WHAT TO DO: Report every line of the records below that includes the string "tourmaline".

DATA PROVIDED:
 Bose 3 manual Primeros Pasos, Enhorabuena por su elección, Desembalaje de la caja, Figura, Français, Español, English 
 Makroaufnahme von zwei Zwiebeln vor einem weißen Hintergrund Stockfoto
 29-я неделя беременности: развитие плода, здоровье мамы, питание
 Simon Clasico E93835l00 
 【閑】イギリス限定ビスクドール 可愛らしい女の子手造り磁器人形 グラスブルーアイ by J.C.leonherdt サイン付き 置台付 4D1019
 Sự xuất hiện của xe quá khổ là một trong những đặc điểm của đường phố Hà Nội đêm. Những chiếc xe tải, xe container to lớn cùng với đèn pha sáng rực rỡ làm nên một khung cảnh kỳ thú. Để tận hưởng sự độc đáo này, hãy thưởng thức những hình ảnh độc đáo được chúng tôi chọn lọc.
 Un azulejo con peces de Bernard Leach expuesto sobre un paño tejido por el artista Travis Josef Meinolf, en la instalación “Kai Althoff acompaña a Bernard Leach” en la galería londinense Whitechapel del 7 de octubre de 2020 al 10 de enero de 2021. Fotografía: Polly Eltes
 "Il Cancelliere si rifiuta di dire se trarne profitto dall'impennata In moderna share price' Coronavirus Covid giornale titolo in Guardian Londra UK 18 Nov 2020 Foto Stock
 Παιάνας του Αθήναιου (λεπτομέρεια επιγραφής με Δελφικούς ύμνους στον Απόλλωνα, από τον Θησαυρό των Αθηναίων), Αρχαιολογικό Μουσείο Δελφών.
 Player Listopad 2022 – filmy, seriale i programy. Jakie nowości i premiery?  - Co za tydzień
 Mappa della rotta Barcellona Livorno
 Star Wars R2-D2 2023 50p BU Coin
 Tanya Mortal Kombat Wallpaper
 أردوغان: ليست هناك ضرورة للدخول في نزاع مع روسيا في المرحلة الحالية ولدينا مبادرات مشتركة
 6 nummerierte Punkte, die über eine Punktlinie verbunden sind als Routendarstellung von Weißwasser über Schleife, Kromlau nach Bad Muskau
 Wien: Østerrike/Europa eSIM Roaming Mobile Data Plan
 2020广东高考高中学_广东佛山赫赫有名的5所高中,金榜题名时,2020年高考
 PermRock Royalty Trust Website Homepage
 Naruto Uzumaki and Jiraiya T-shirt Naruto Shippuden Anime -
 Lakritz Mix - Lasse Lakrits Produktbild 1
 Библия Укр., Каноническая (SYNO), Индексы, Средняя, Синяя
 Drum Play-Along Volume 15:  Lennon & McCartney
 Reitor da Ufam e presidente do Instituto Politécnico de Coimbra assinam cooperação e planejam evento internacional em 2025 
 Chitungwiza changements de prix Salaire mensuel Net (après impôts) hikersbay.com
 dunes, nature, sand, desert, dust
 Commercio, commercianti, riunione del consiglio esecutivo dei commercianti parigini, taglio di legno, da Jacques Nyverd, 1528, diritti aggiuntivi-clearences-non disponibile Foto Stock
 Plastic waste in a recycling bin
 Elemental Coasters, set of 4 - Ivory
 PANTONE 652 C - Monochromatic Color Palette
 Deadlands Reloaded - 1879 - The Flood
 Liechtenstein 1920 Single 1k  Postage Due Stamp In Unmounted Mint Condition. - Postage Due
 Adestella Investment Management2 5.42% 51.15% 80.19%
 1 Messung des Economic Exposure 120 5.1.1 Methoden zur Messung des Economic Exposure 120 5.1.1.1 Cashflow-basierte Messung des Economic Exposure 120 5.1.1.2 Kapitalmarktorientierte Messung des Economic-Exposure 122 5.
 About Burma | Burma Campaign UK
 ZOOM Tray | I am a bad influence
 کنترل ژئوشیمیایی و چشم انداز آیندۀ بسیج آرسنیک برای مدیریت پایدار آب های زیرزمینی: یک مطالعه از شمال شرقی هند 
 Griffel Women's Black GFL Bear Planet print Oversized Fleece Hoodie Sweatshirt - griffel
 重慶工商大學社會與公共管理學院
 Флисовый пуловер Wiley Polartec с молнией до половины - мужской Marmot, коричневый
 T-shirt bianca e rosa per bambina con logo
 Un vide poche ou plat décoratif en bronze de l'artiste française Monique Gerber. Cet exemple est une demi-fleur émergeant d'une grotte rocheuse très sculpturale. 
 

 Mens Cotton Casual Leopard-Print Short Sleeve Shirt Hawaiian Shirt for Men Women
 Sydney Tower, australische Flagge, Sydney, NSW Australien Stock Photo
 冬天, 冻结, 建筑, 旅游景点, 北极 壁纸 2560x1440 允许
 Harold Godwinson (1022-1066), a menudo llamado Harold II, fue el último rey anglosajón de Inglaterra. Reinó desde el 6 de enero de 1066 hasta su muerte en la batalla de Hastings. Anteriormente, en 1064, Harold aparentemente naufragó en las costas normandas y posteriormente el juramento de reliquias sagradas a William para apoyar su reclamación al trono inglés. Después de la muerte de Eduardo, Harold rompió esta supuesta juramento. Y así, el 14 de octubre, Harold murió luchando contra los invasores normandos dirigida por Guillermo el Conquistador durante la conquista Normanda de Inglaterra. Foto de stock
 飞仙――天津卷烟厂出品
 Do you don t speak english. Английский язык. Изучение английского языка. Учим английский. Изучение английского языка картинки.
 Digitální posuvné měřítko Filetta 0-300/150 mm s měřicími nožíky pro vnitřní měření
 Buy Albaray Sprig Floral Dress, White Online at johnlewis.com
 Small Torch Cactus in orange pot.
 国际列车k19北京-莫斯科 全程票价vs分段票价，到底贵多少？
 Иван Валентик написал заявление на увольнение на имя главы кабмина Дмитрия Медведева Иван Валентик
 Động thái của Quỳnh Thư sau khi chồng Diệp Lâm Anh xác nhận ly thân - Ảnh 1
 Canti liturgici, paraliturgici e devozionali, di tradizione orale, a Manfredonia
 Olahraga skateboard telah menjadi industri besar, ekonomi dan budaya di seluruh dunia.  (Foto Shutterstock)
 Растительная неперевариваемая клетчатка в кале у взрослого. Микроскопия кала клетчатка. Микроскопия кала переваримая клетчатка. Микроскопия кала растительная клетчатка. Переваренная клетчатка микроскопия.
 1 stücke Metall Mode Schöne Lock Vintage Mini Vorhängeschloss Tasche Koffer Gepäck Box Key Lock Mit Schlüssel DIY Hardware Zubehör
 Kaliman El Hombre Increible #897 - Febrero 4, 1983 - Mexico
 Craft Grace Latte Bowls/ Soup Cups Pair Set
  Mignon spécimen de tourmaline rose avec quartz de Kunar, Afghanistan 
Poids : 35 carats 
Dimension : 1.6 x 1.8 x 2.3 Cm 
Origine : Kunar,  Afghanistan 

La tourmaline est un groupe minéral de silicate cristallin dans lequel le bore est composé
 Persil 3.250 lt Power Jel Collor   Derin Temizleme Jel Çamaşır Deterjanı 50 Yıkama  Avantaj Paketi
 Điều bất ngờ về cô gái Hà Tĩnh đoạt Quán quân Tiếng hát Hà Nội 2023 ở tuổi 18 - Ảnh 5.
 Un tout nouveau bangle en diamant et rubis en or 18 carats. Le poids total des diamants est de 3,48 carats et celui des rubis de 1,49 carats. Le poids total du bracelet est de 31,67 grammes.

REPLY TO THE EXERCISE:
  Mignon spécimen de tourmaline rose avec quartz de Kunar, Afghanistan 
La tourmaline est un groupe minéral de silicate cristallin dans lequel le bore est composé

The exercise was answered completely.